In 2010, I wrote an article that has understandably been making the rounds this week. In this piece, yes, I address the rumors that surrounded Harvey Weinstein, rumors that exploded in truth this week, rumors even as I typed about them I didn’t understand. Because the idea of a man using his power to have sex with women is so commonplace, it genuinely didn’t occur to me that it was anything more than that: sex. Consensual, if under heavy persuasion. I don’t know how else to describe it, but as an ignorantly optimistic naivety. That this terrible abuse of power was at the very least transactional, that the very ’90s misogyfeminist concept of owning and commodifying our sexuality—this idea of “using what we’ve got to get what we want”—was at work here. In the years that followed, my understanding of consent evolved. That in this kind of power dynamic, there can be no real consent. That women in these situations are always victims. That the idea of the willing participant is a lie. And reading these stories now, in horror and gut-wrenched sadness, that this was rape and assault, and nowhere near the imaginary exchange I strangely hoped it was because the reality was and is too much to fathom, and instead wrote them off as “hungry” and willing. I wish I’d known it then. I’m sorry I didn’t know that then.

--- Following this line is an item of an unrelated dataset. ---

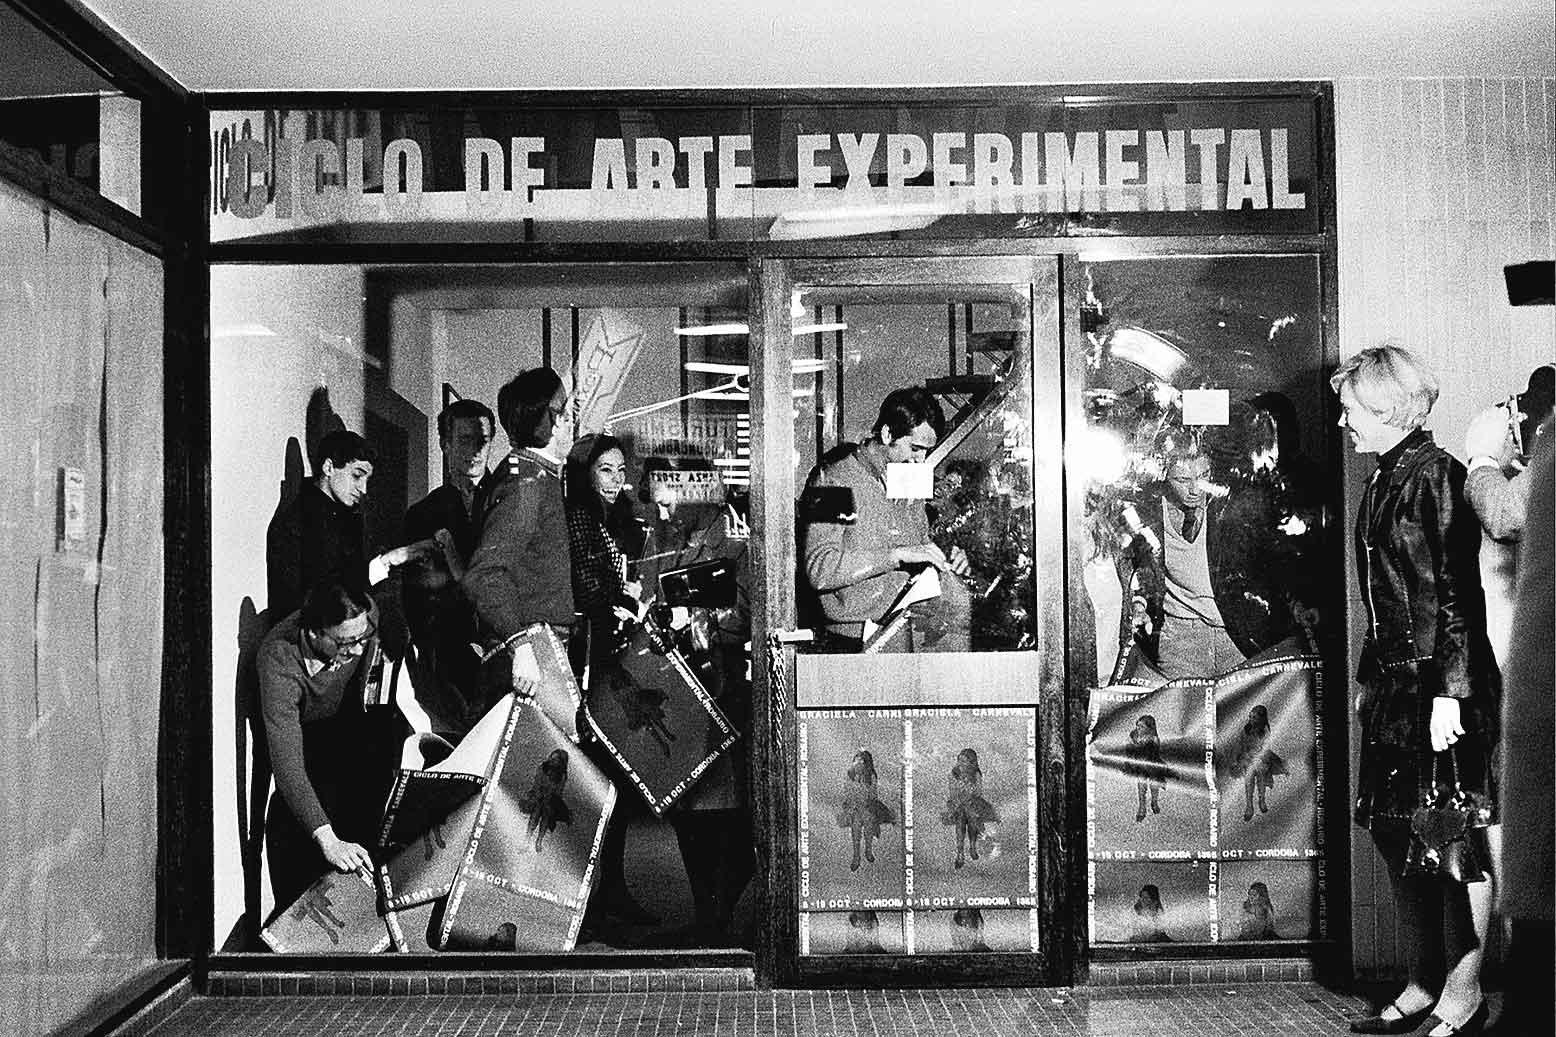 Graciela Carnevale (Argentina, b. 1942), Acción del encierro (Lock-up action), 1968. Ciclo de Arte Experimental, Rosario, Argentina; Fotografía: Carlos Militello. Fotografía en blanco y negro. Quince hojas: 3 9/16 × 5 1/2 in. (9 × 14 cm) o 5 1/2 × 3 9/16 in. (14 × 9 cm); una hoja: 6 7/8 × 9 7/16 in. (17.5 × 24 cm). Colección de Graciela Carnevale/Archivo Graciela Carnevale. ©the artist.

One person I discussed in this piece was Gretchen Mol. Operating on rumors and whispers that had become understood truths, I included her as one of many discarded by Weinstein. In a guest column in the Hollywood Reporter, Mol addressed these longstanding and career-altering rumors, and says they are untrue, that she was never alone with Weinstein. And while I’m not sure she was specifically calling out my piece, this statement describes it accurately.

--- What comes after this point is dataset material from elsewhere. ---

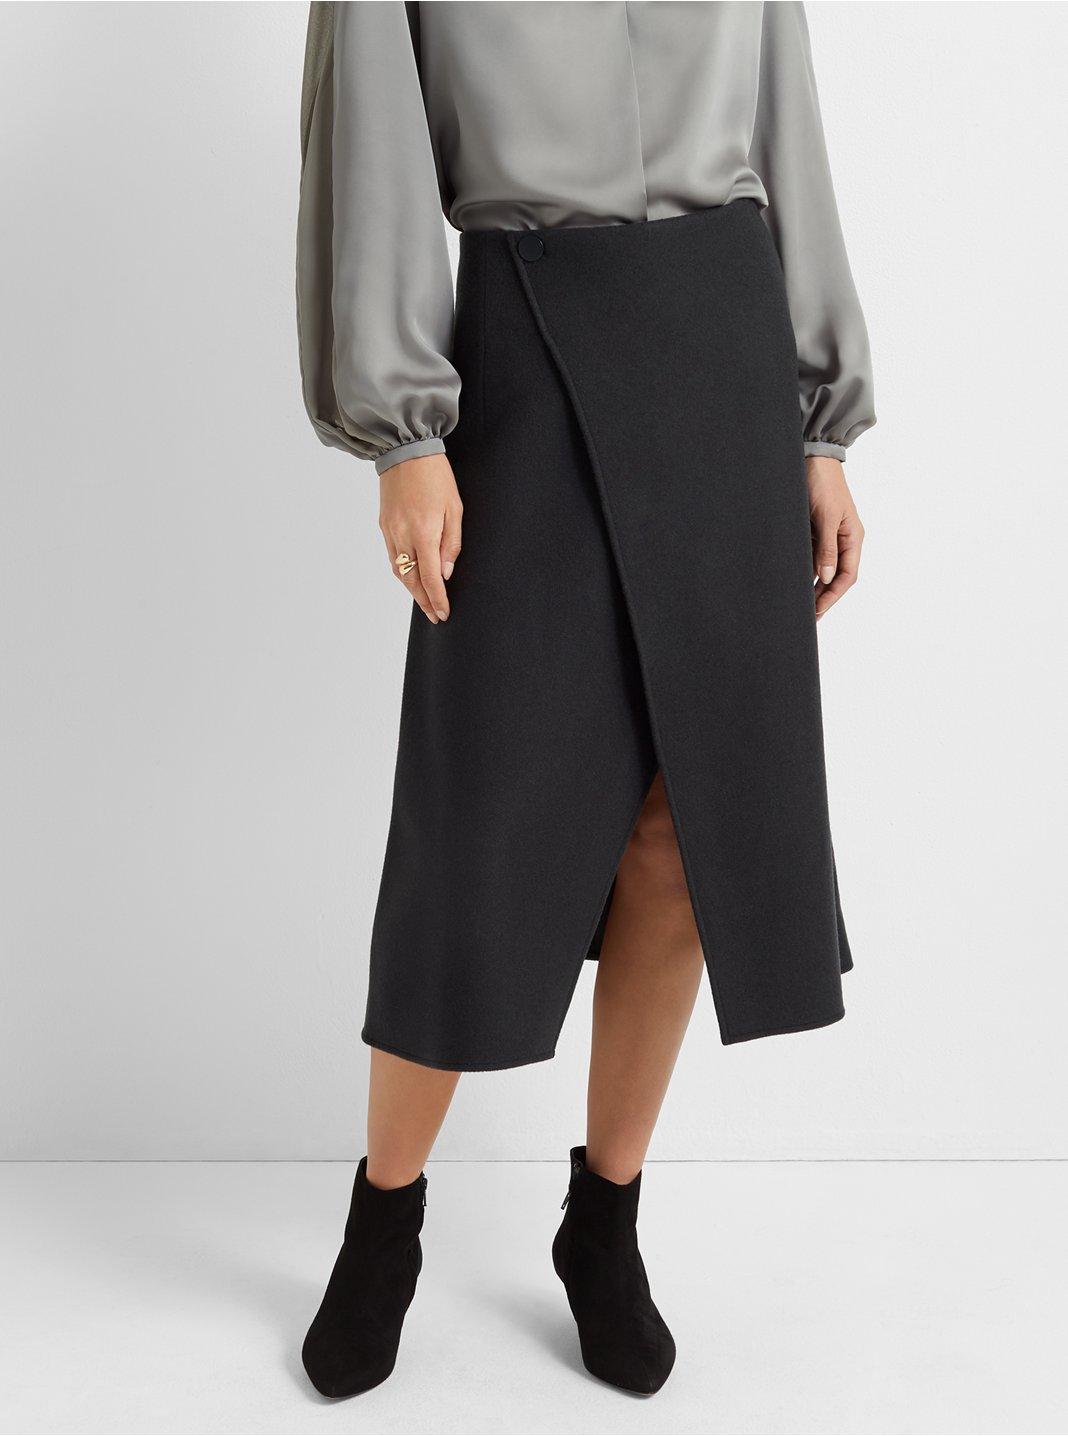 A-line Cutaway Skirt

The consistent implication was that actresses were eager for the bargain, that we wanted fame and fortune so desperately that we would make this kind of nauseating concession. This is another kind of misogyny, and blame-shifting.
We are raised to distrust women. We are raised not to believe women. We as women don’t even believe ourselves, our own lived experiences. Ronan Farrow’s piece is filled with desperate regrets any woman can identify with. “I tried to get away, but maybe I didn’t try hard enough.” “I felt responsible.” “I am a fucking fool.” It is so ingrained within the fabric of our society and in every cell of our bodies to defaultedly question, because it is more comfortable to believe that this evil has not been inflicted, not even realizing that this means we have chosen a comfort in the idea of the lying female. I’m sickened seeing people steadfast in their victim blaming; I’m sickened by my own history of victim blaming.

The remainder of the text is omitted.